Lactate…is the crystal ball we all need?

So we all hang on this as a prognosticator, as well as a gauge of the state of our patients both on the unit and prior to coming up to us. But should we be focussing on Lactate as much as we think we should? Is it the ‘magic bullet’ to adequate resuscitation?

A bit of a recap on those awful metabolic pathways!

Lactate is produced by most tissues in the human body, with the highest level of production found in muscle.

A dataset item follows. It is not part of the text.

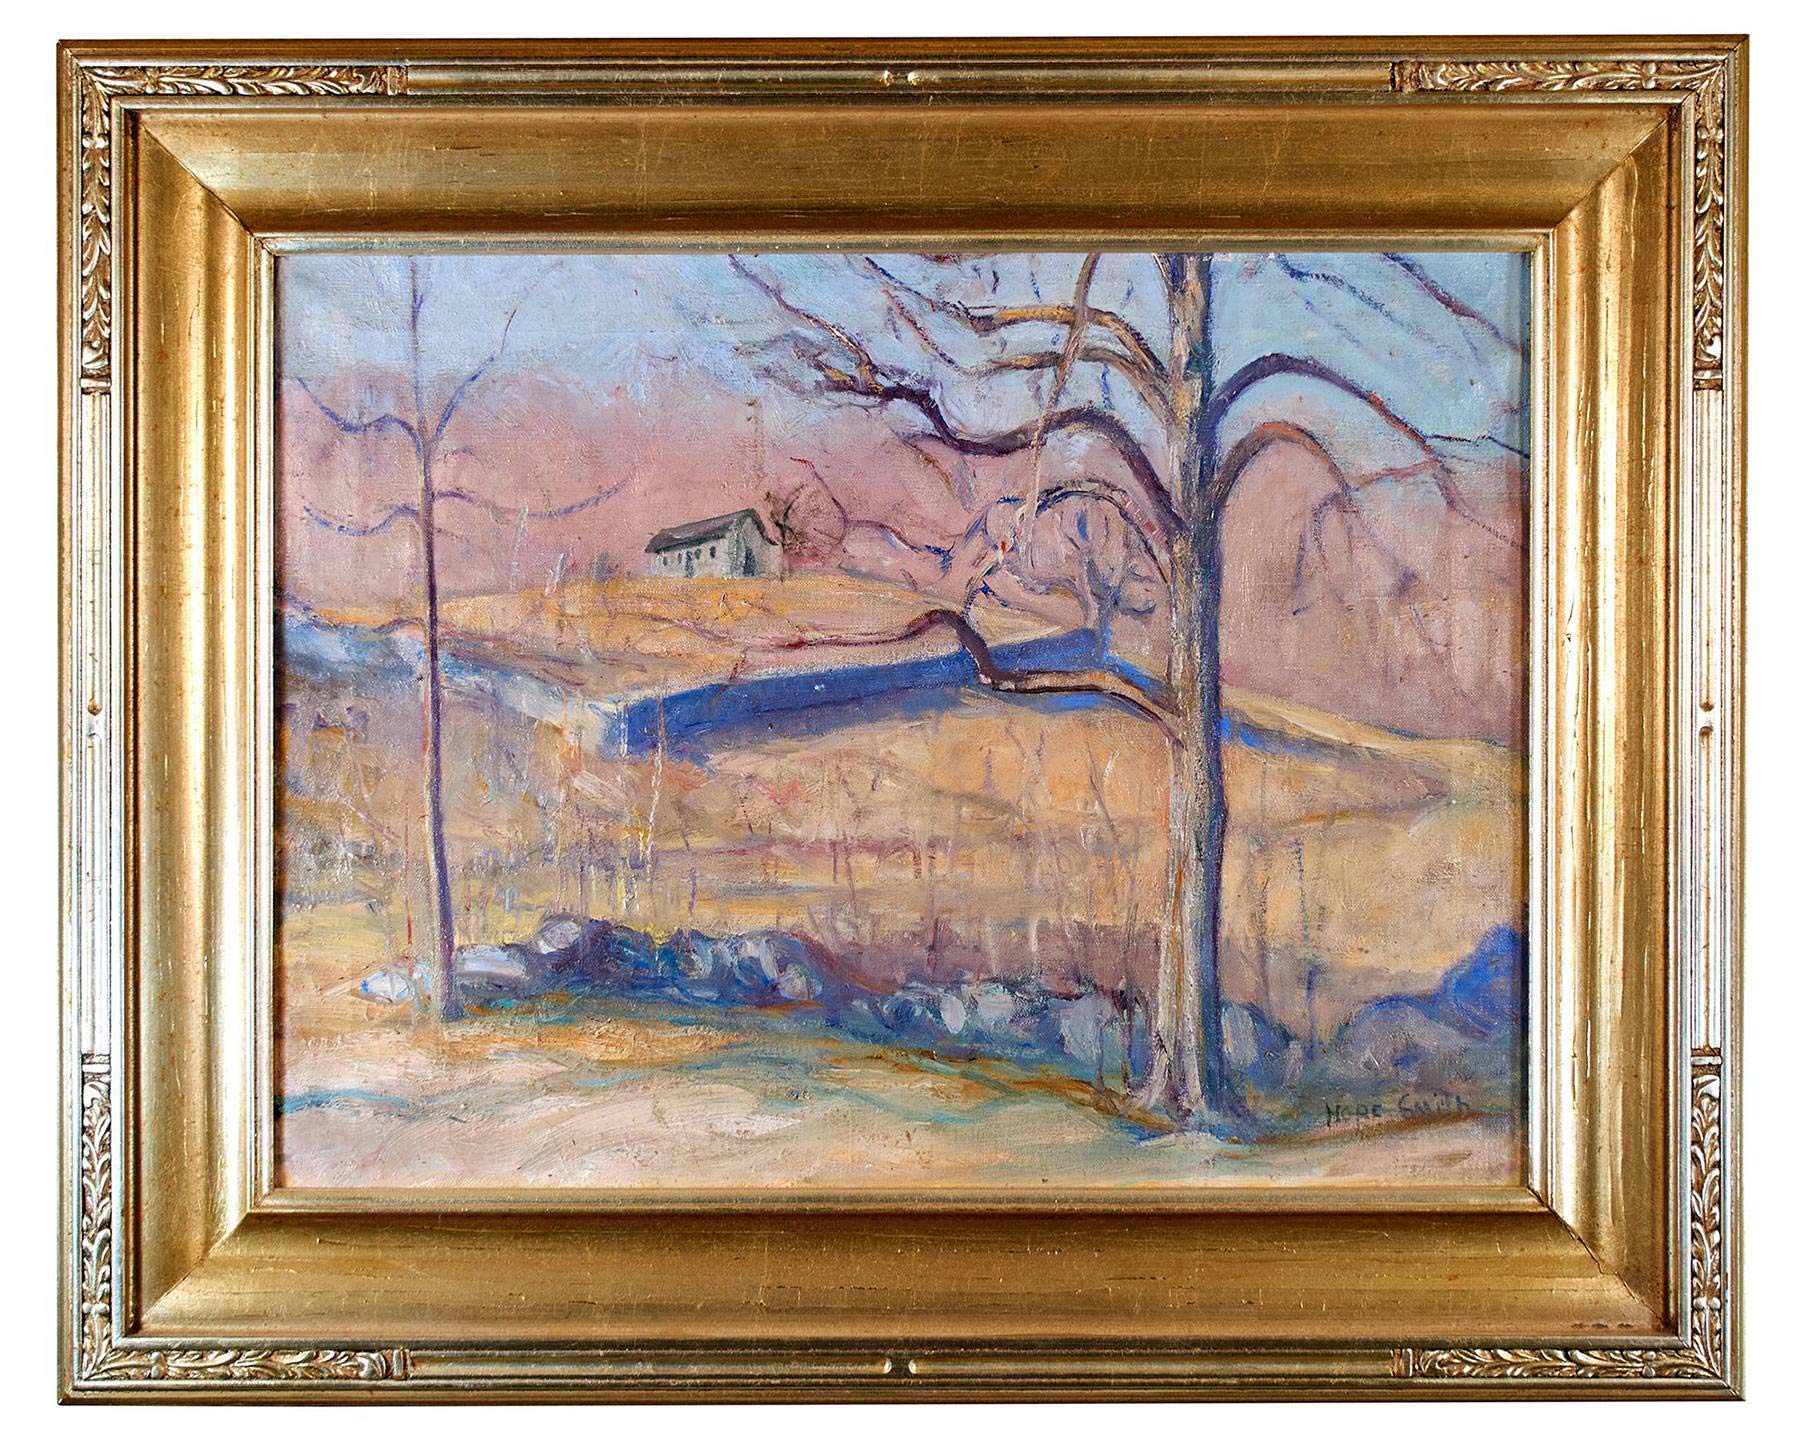 Hope Smith (American, 1879-1965), Impressionist landscape., oil on canvas, $50-$300.
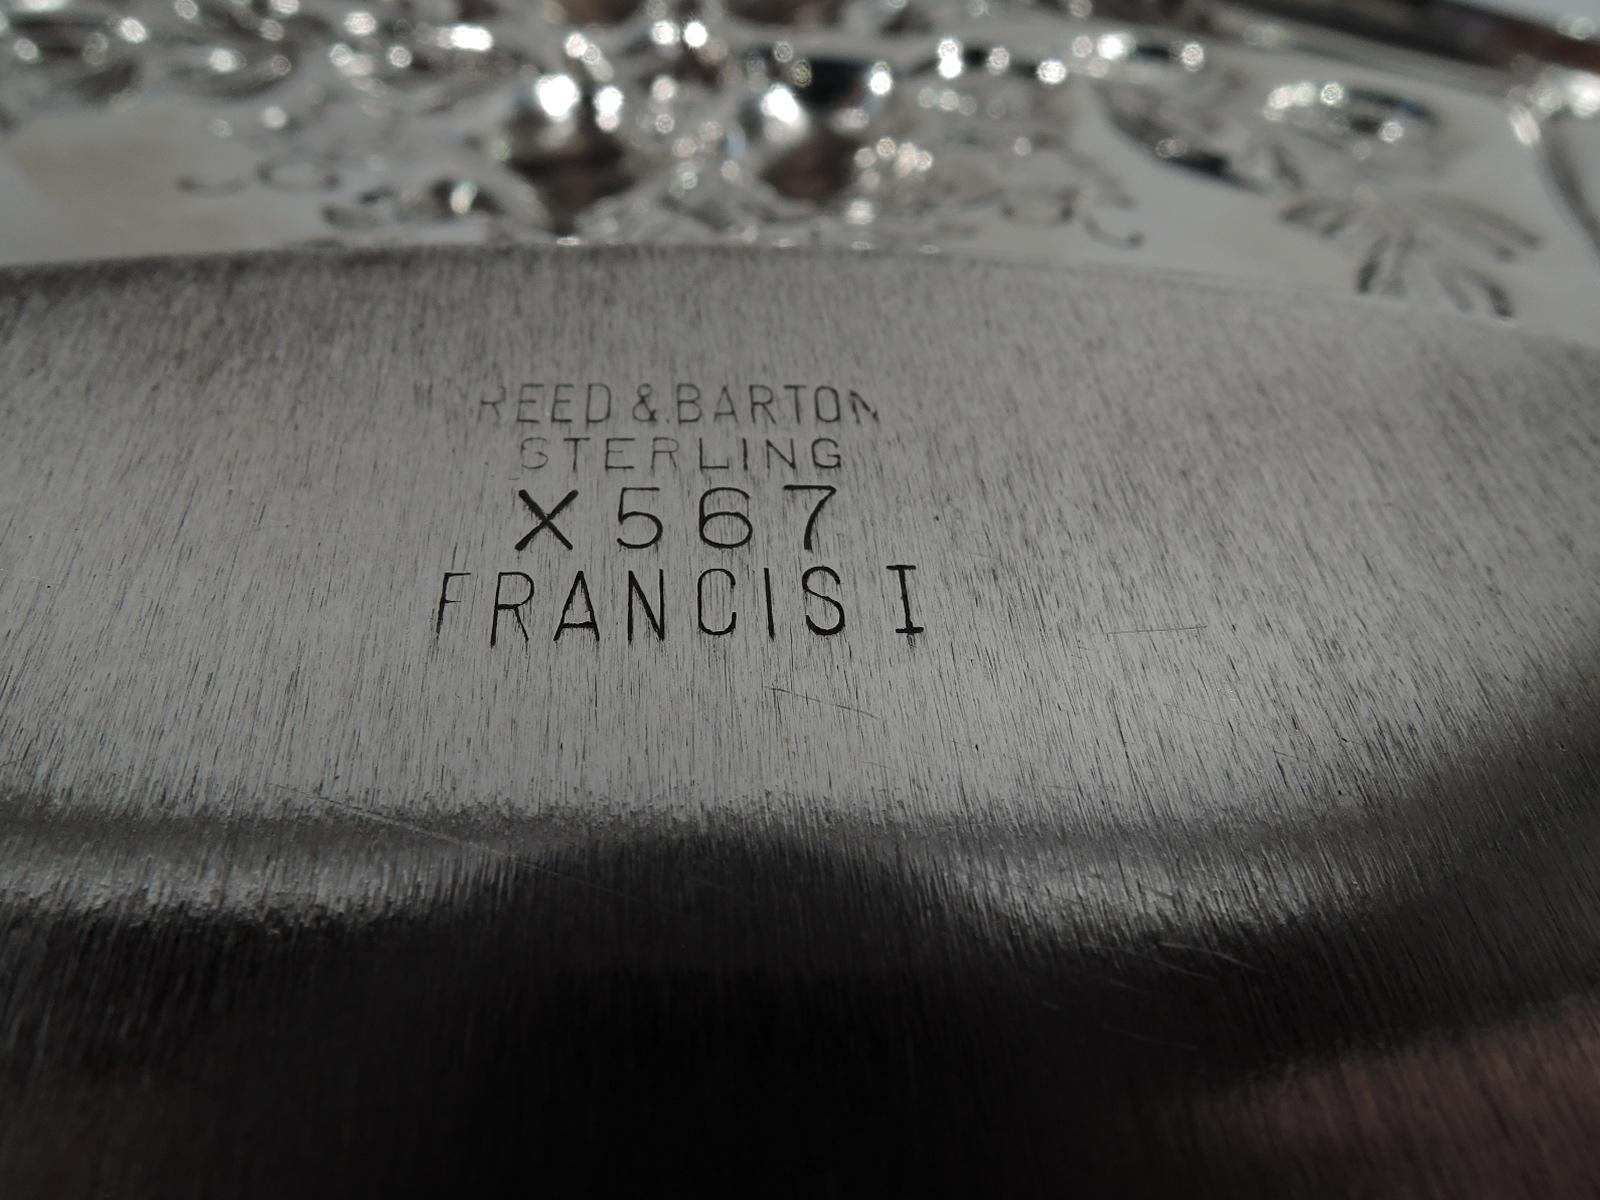 American Reed & Barton Francis I Sterling Silver Serving Plate

Under normal conditions, lactate is rapidly cleared by the liver with a small amount of additional clearance by the kidneys. In aerobic conditions, pyruvate is produced via glycolysis and then enters the Krebs cycle, largely bypassing the production of lactate. Under anaerobic conditions, lactate is an end product of glycolysis and feeds into the Cori cycle as a substrate for gluconeogenesis (see the cartoon below). Lactate exists in two forms isomers: L-lactate and D-lactate. It is the L-isomer we are interested in. It is important to note that oxygen shortage per se does not lead to hyperlactataemia, rather increasing energy requirements not met by adequate supply.

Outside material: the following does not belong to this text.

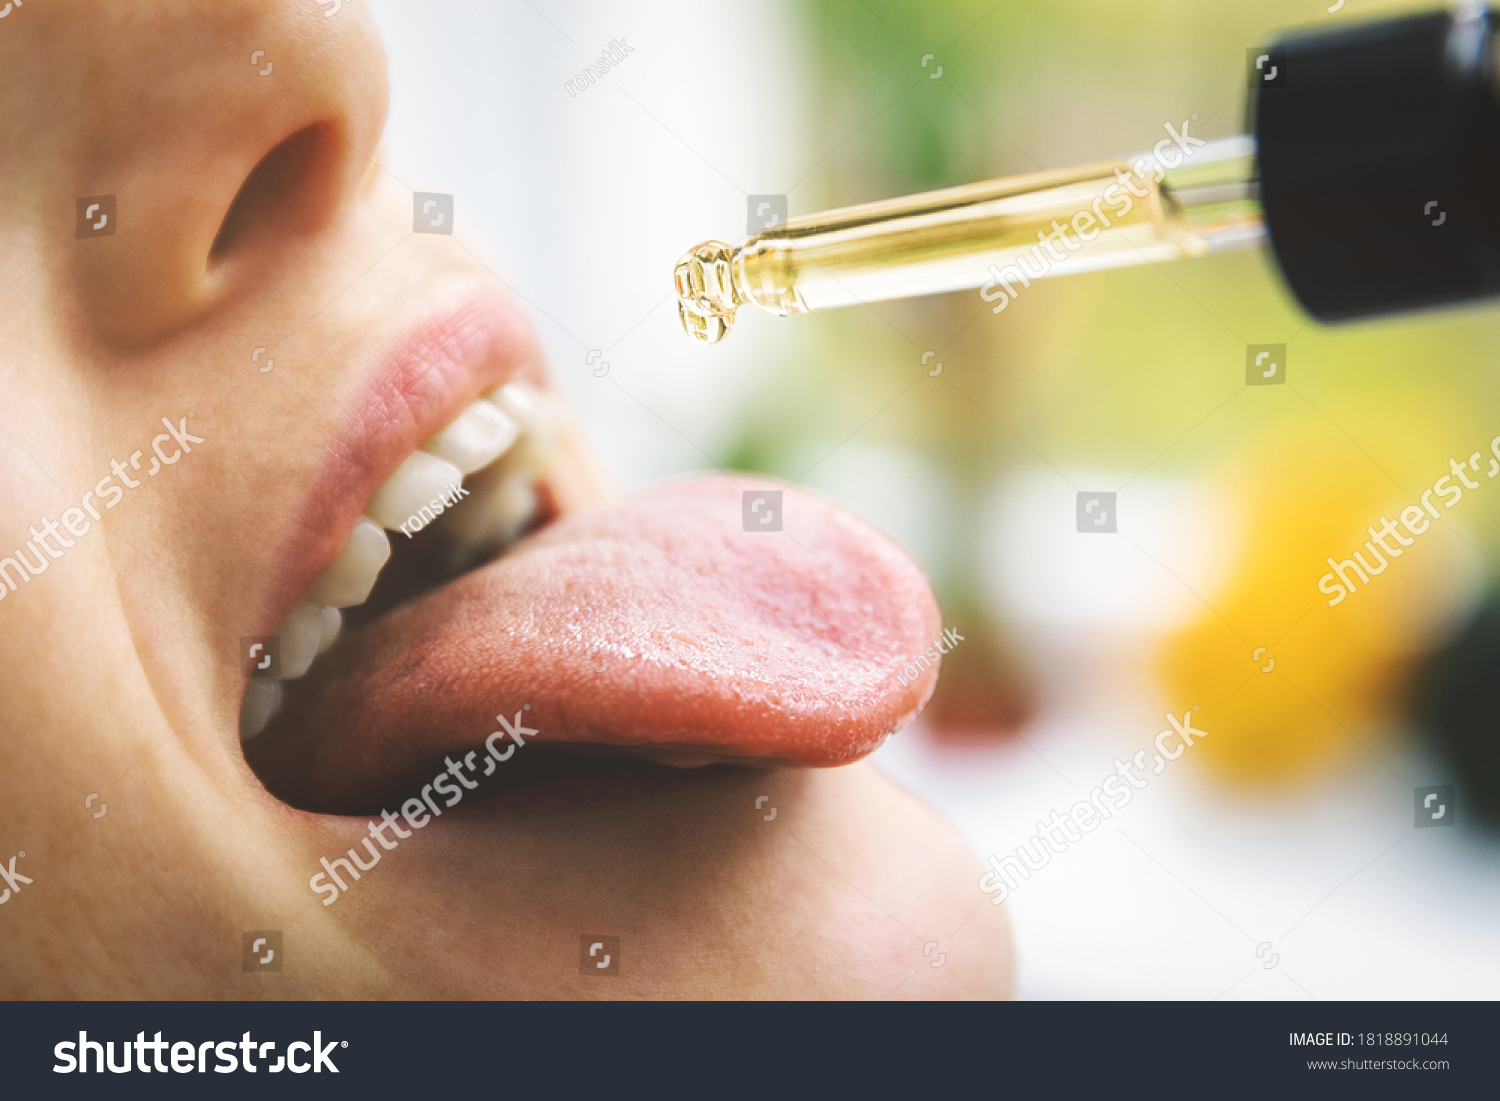 herbal alternative medicine and dietary supplements - woman taking cbd hemp oil drops in mouth from dropper. medical cannabis #1818891044

The terms lactate and lactic acid are often used interchangeably but lactate (the component measured in blood) is strictly a weak base whereas lactic acid is the corresponding acid. “Lactic acidosis” is often used clinically to describe elevated lactate but should be reserved for cases where there is a corresponding acidosis (pH < 7.35). The exact pathophysiology of elevated lactate in various conditions is likely multifactorial, patient-specific, and disease-specific. In general, lactate elevation may be caused by increased production, decreased clearance, or a combination of both. Contributing factors appear to include: hypoperfusion due to macro- and/or microcirculatory dysfunction, mitochondrial dysfunction (including potential lack of key enzymatic co-factors) and the presence of a hypermetabolic state, among others. Causes of elevated lactate are shown below

• Under stable conditions glucose is converted to pyruvate, generating 2 ATP. Pyruvate is then subsequently fully oxidized to CO2 generating ~36 ATP.
• Under stress, glycolysis can increase by a factor 100 to 1,000, provided that glucose is present and pyruvate is converted to lactate. Irrespective of optimal mitochondrial function and oxygenation, such a rate of pyruvate production will saturate the mitochondrial tricarboxylic acid cycle and oxidative phosphorylation.
• During recovery, lactate is converted back to pyruvate and fully oxidised.

 

(See also video on Lactate in Sepsis and lactate physiology in our video resources section)

The metabolism of glucose during tissue hypoxia results in the production of [lactate]-, ATP, and water. The production of H+ originates from the hydrolysis of ATP to ADP. In the presence of oxygen and provided that OxPhos can keep up with glycolysis, these H+ ions can be used together with lactate in the OxPhos in the mitochondria and acidosis is thus less likely to develop. But…even at higher lactate levels, there is only a weak correlation with low arterial pH. When evaluating the significance for patient outcome and the origin of the metabolic acidosis, it is probably more realistic to use the term: lactate-associated metabolic acidosis, a combination that also carries the highest risk of mortality.

Studies have discussed the fact that blood lactate concentrations have an established prognostic value in circulatory shock or after cardiac arrest, their relationship with morbidity and length of stay in general intensive care unit (ICU) populations has not been well defined however.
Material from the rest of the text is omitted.